Irvine v City of New York
2024 NY Slip Op 05636
Decided on November 14, 2024
Appellate Division, First Department
Published by New York State Law Reporting Bureau pursuant to Judiciary Law § 431.
This opinion is uncorrected and subject to revision before publication in the Official Reports.


Decided and Entered: November 14, 2024
Before: Kern, J.P., Kapnick, Kennedy, Higgitt, O'Neill Levy, JJ.

Index No. Index No. 452279/22 Appeal No. 3043 Case No. Case No. 2023-03814

[*1]Lisa R. Irvine, Plaintiff-Appellant,

v

City of New York, Defendant-Respondent, Does 2-10, Defendants.




Herman Law Firm, P.A., New York (Stuart Mermelstein of counsel), for appellant.

Muriel Goode-Trufant, Acting Corporation Counsel, New York (Amy McCamphill of counsel), for respondent.



Order, Supreme Court, New York County (Laurence L. Love, J.), entered June 7, 2023, which granted defendant City of New York's motion to dismiss the complaint as barred by the statute of limitations, unanimously affirmed, without costs.

Plaintiff timely commenced this action in June 2021 under the New York Child Victims Act (CPLR 214-g) against Orange County and "Does 1-10." She later sought to amend the complaint to substitute the City for unknown defendant "Doe 1" and to extend the time to serve the City.

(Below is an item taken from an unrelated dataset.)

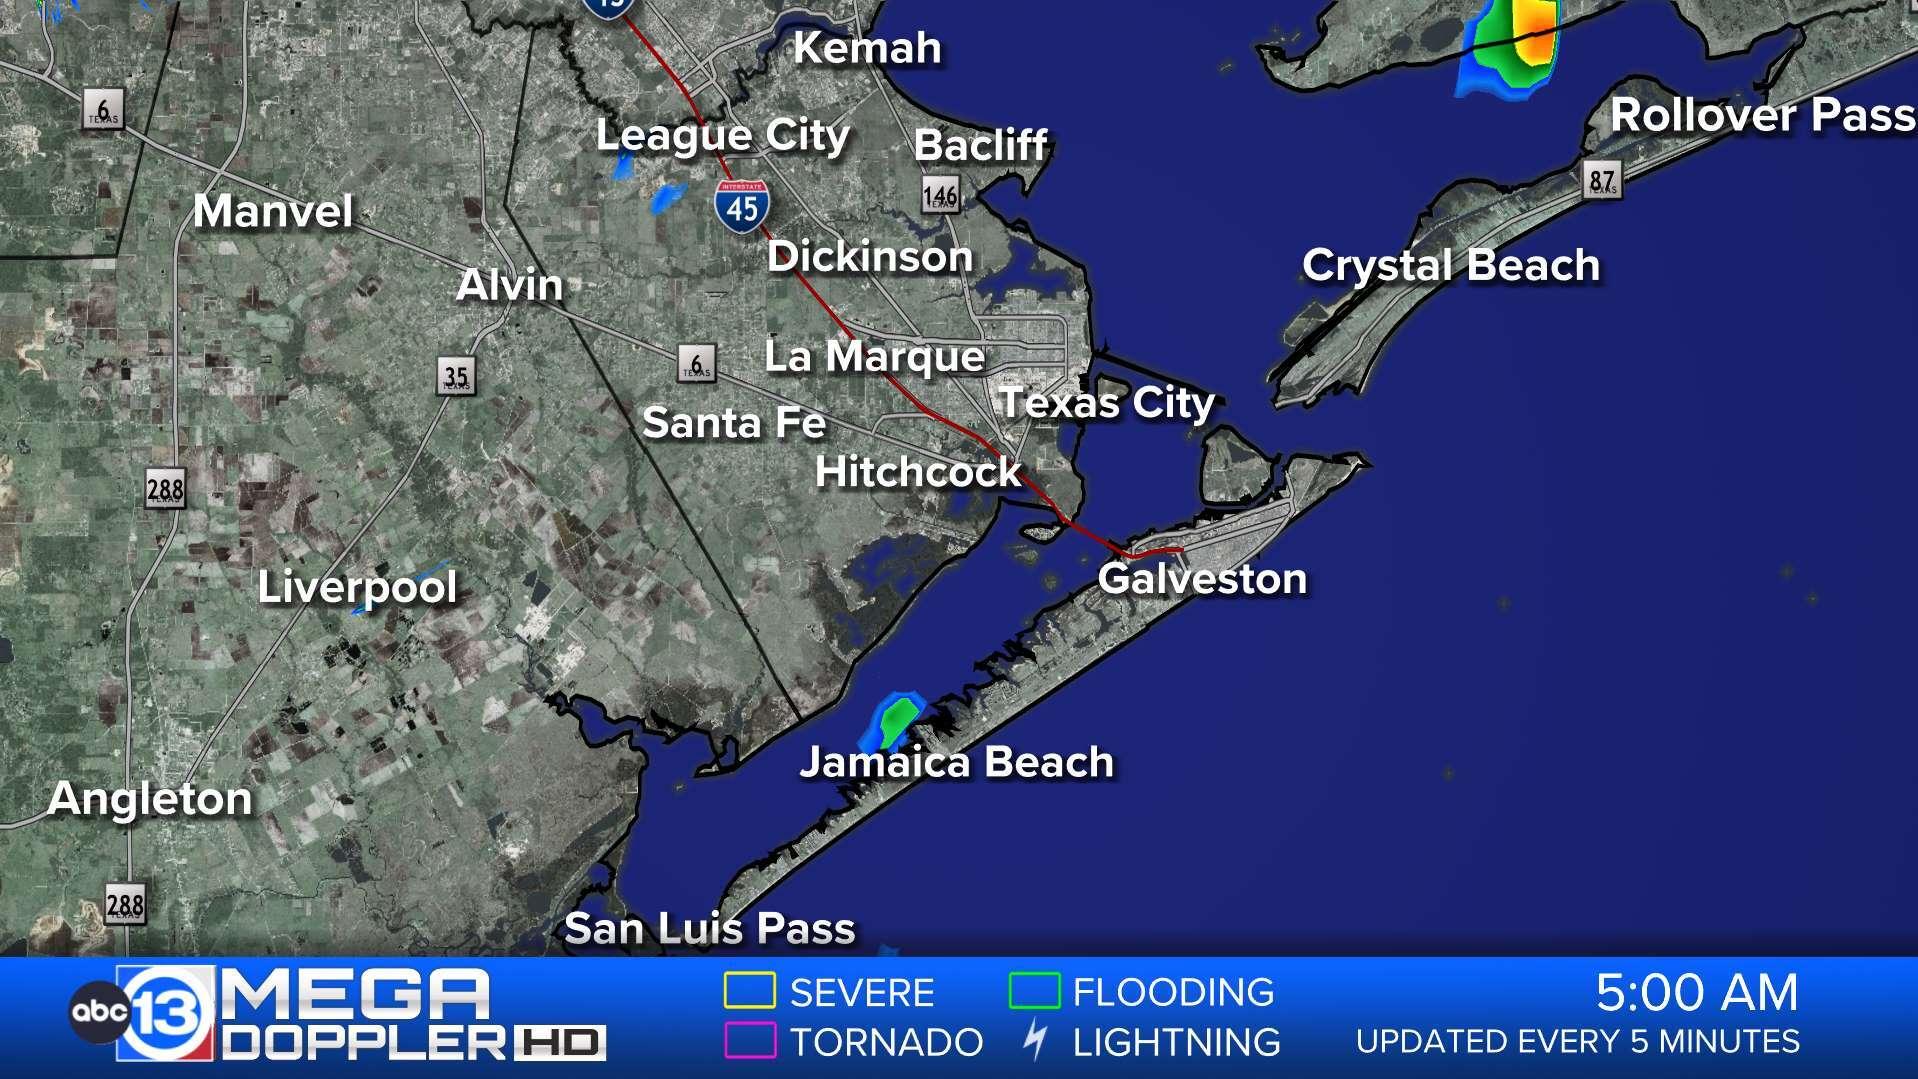 Southeast Texas Radar | abc13.com on blank map of fredericksburg, blank map of dallas, blank map of atlanta, blank map of texas, blank map of charleston, blank map of cozumel, blank map of jacksonville, blank map of virginia beach, blank map of new orleans,

There is no dispute that the plaintiff did not satisfy the requirements of the relation back doctrine of CPLR 203(b) and (c) to permit it to add the City as a defendant (see Higgins v City of New York, 144 AD3d 511, 512-513 [1st Dept 2016]). Additionally, we note that plaintiff did not satisfy the requirements of CPLR 1024, as she did not demonstrate that she diligently sought to identify the unknown provider of foster care services before the statute of limitations expired (see Holmes v City of New York, 132 AD3d 952, 954 [2d Dept 2015]). The record makes clear that plaintiff's investigator failed to take steps to ascertain the actual identities of the Doe parties, which were the entities that allegedly placed children in foster care in Orange County, before the statutory period ran (see Goldberg v Boatmax://, Inc., 41 AD3d 255, 256 [1st Dept 2007]; compare e.g. DeMarzo v Cuba Hill Elementary Sch., 220 AD3d 917, 919-920 [2d Dept 2023]). Nor did plaintiff promptly seek disclosure from Orange County or follow up on her initial letter request for disclosure (see Temple v New York Community Hosp. of Brooklyn, 89 AD3d 926, 928 [2d Dept 2011]). Indeed, even after becoming aware before the statute of limitations expired that the City may have had potential liability, plaintiff delayed in seeking to promptly amend the complaint to add the City as a defendant (see Brook v Peconic Bay Med. Ctr., 172 AD3d 468, 469 [1st Dept 2019]).

Moreover, the allegations in the complaint were insufficient to advise the City that it was the intended subject of plaintiff's lawsuit — that is, that the City was included in a group of "persons or entities with responsibilities for [p]laintiff's safety, supervision, and/or placement in foster care," as the complaint characterized the "Doe" defendants (see Opiela v May Indus. Corp., 10 AD3d 340, 341 [1st Dept 2004]). On the contrary, the allegations all referred to events occurring in Orange County, and even mistakenly referred to Onondaga County, with no mention of any connection to the City, which only occasionally contracted with foster homes outside of New York City.

THIS CONSTITUTES THE DECISION AND ORDER OF THE SUPREME COURT, APPELLATE DIVISION, FIRST DEPARTMENT.